Documentation for the Java version of the neural network code

Documentation for the original C version of this assignment is also available (in PostScript format).

Although you will be able to use most of the code without modification, you will need to know a little bit about the routines and data structures, so that you can easily implement new output encodings for your networks.  The following sections describe each of the packages in a little more detail, but you should look at BPNN.java, facetrain.java, and PGMimage.java to see how the pieces all fit together.

In fact, it is probably a good idea to look over facetrain.java first, to see how the training process works.  You will notice that the set_target method in BPNN.java is called to set up the target vector for training.  You will also notice the routines show_performance_on_dataset, show_misclassified_images, and correct_response, which evaluate performance and compute error statistics.

You will almost certainly not need to use all of the information in the following sections, so don't feel like you need to know everything the packages do.  You should view these sections as reference guides for the packages, should you need information on data structures and routines.

Another fun thing to do is to use the output2pgm and hidden2pgm utilities to view the weights on connections in graphical form.  See the comments in the source code for information on how to use these programs.

Finally, the point of this assignment is for you to obtain first-hand experience in working with neural networks; it is not intended as an exercise in Java or C hacking.  An effort has been made to keep things as simple as possible.  If you need clarification on how the code works, please don't hesitate to ask.

Main Classes

The Java code for this assignment consists of several classes.  See the comments in the source code for more detailed information.

PGMimage.java - Supports reading and writing of PGM image files and pixel access/assignment.  You will not need to modify any of the code in this class to complete the assignment.

BPNN.java - The neural network class.  Supports three-layer fully-connected feedforward networks, using the backpropagation algorithm for weight tuning.  Provides high-level routines for creating, training, and using networks.  The methods set_target and correct_response are also in this class; you will need to modify these for your face and pose recognizers.

facetrain.java - The top-level program which uses all of the classes above to implement a "glickman" recognizer.  You will need to modify this code to change network sizes and learning parameters, both of which are trivial changes.

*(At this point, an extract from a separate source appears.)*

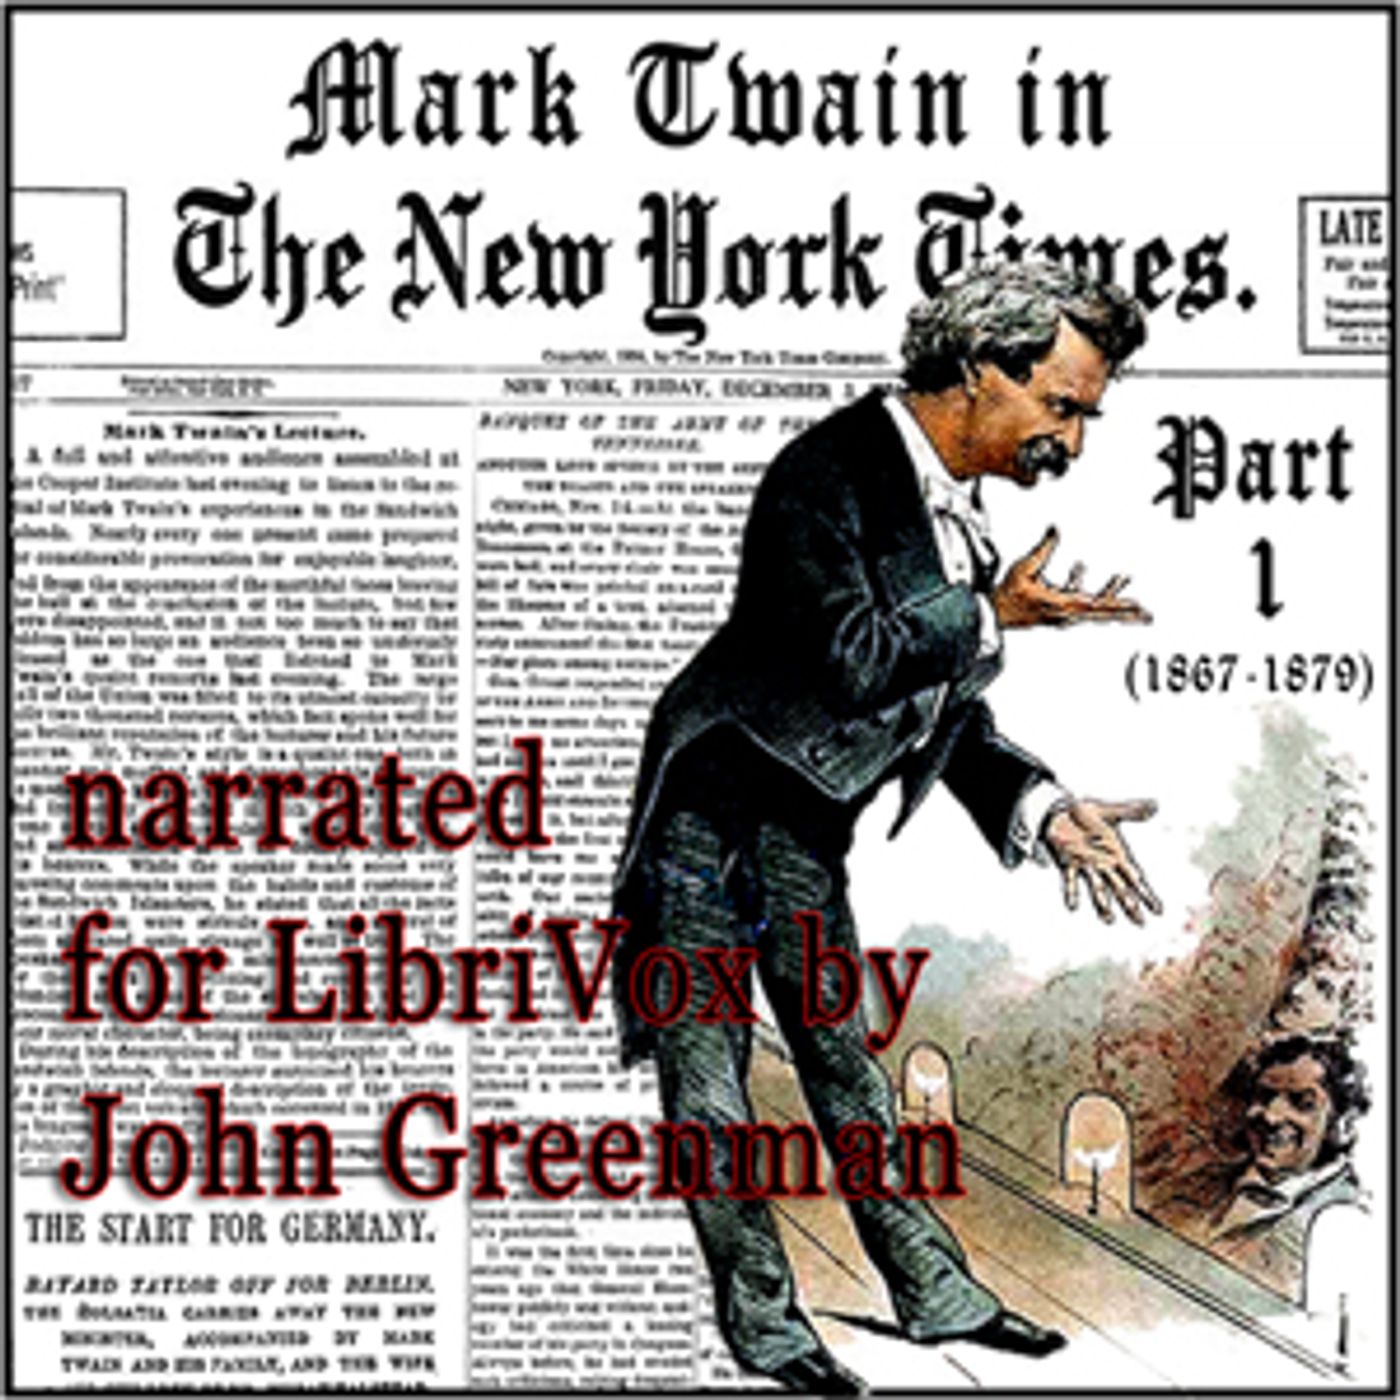 Mark Twain in the New York Times, Part One (1867-1879) by Mark Twain (1835 – 1910) and The New York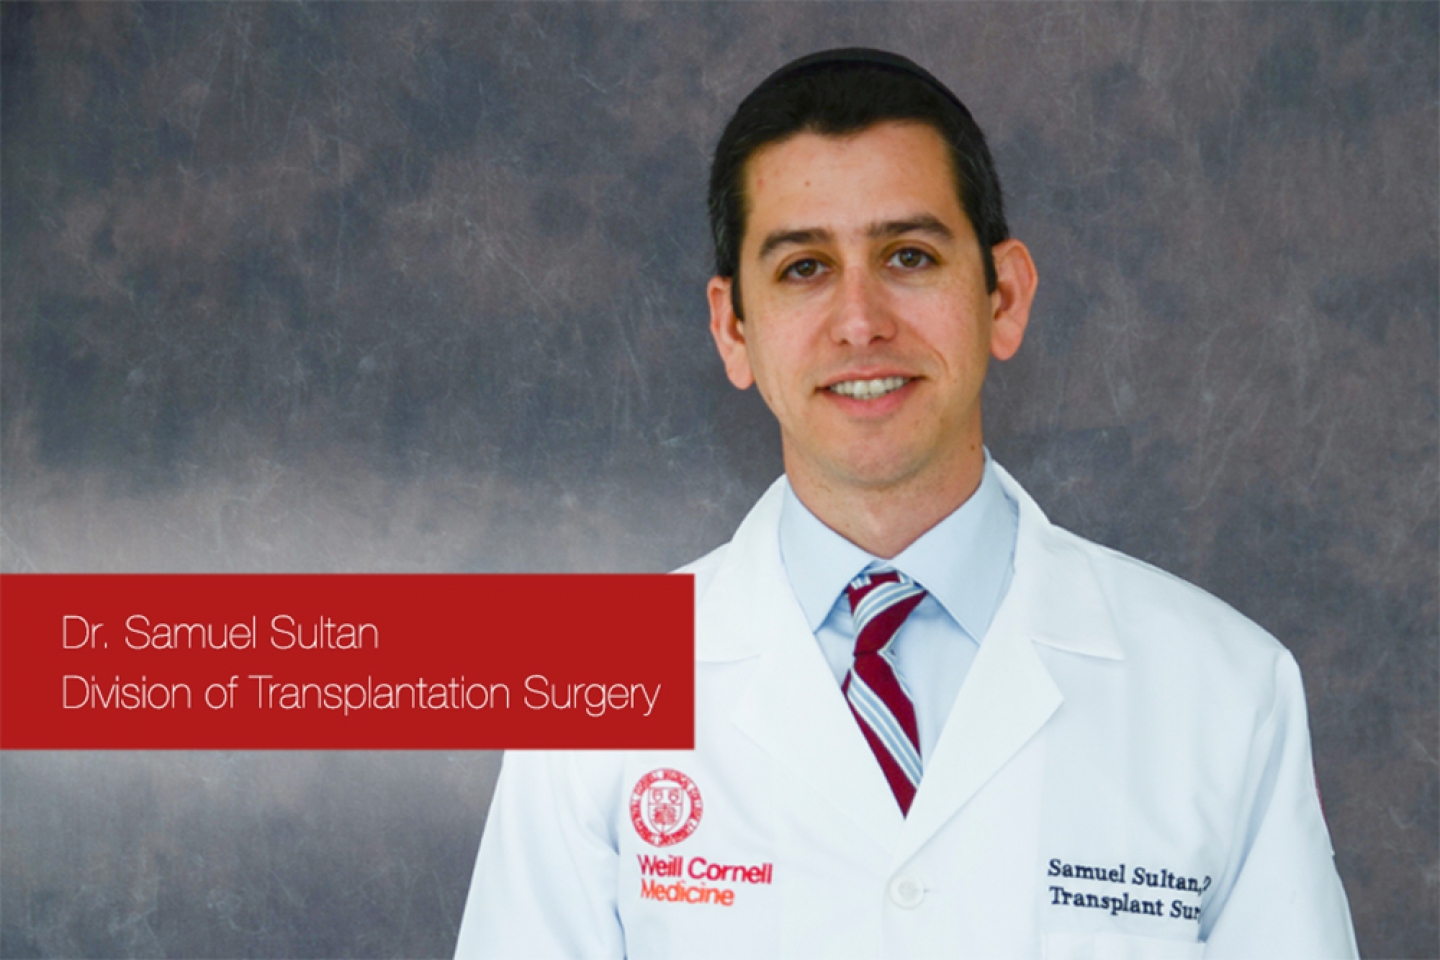 Portrait of Dr. Samuel Sultan from the Division of Transplantation Surgery

hidden2pgm.java, output2pgm.java - Utilities for visualizing network weights.  It's not necessary to modify anything here, although it may be interesting to explore some of the many possible alternate visualization schemes.

facetrain

facetrain has several options which can be specified on the command line.  This section briefly describes how each option works.  A very short summary of this information can be obtained by running facetrain with no arguments.
-n <network file>
This option either loads an existing network file, or creates a new one with the given name.  At the end of training, the neural network will be saved to this file.
-e <number of epochs>
This option specifies the number of training epochs which will be run.  If this option is not specified, the default is 100.
-s <seed>
An integer that will be used as the seed for the random number generator.  The default seed is 123456.  This allows you to reproduce experiments if necessary, by generating the same sequence of random numbers.  It also allows you to try different sequences by changing the seed.
-S <number of epochs between saves>
This option specifies the number of epochs between saves.  The default is 100, which means that if you train for 100 epochs (also the default), the network is only saved when training is completed.
-t <training image list>
This option specifies a text file that contains a list of image pathnames, one per line, that will be used for training.  If this option is not specified, it is assumed that no training will take place (epochs = 0), and the network will simply be run on the test sets.  In this case, the statistics for the training set will be shown as dashes.
-1 <testing set 1 list>
This option specifies a text file which contains a list of image pathnames, one per line, that will be used as a test set.  If this option is not specified, the statistics for test set 1 will be shown as dashes.
-2 <testing set 2 list>
Same as above, but for test set 2.  The idea behind having two test sets is that one can be used as part of the training/testing paradigm, in which training is stopped when performance on the test set begins to degrade.  The other can then be used as a "real" test of the resulting network.
-T
For test-only mode (no training).  Performance will be reported on each of the three datasets specified, and those images misclassified will be listed, along with the corresponding output unit levels.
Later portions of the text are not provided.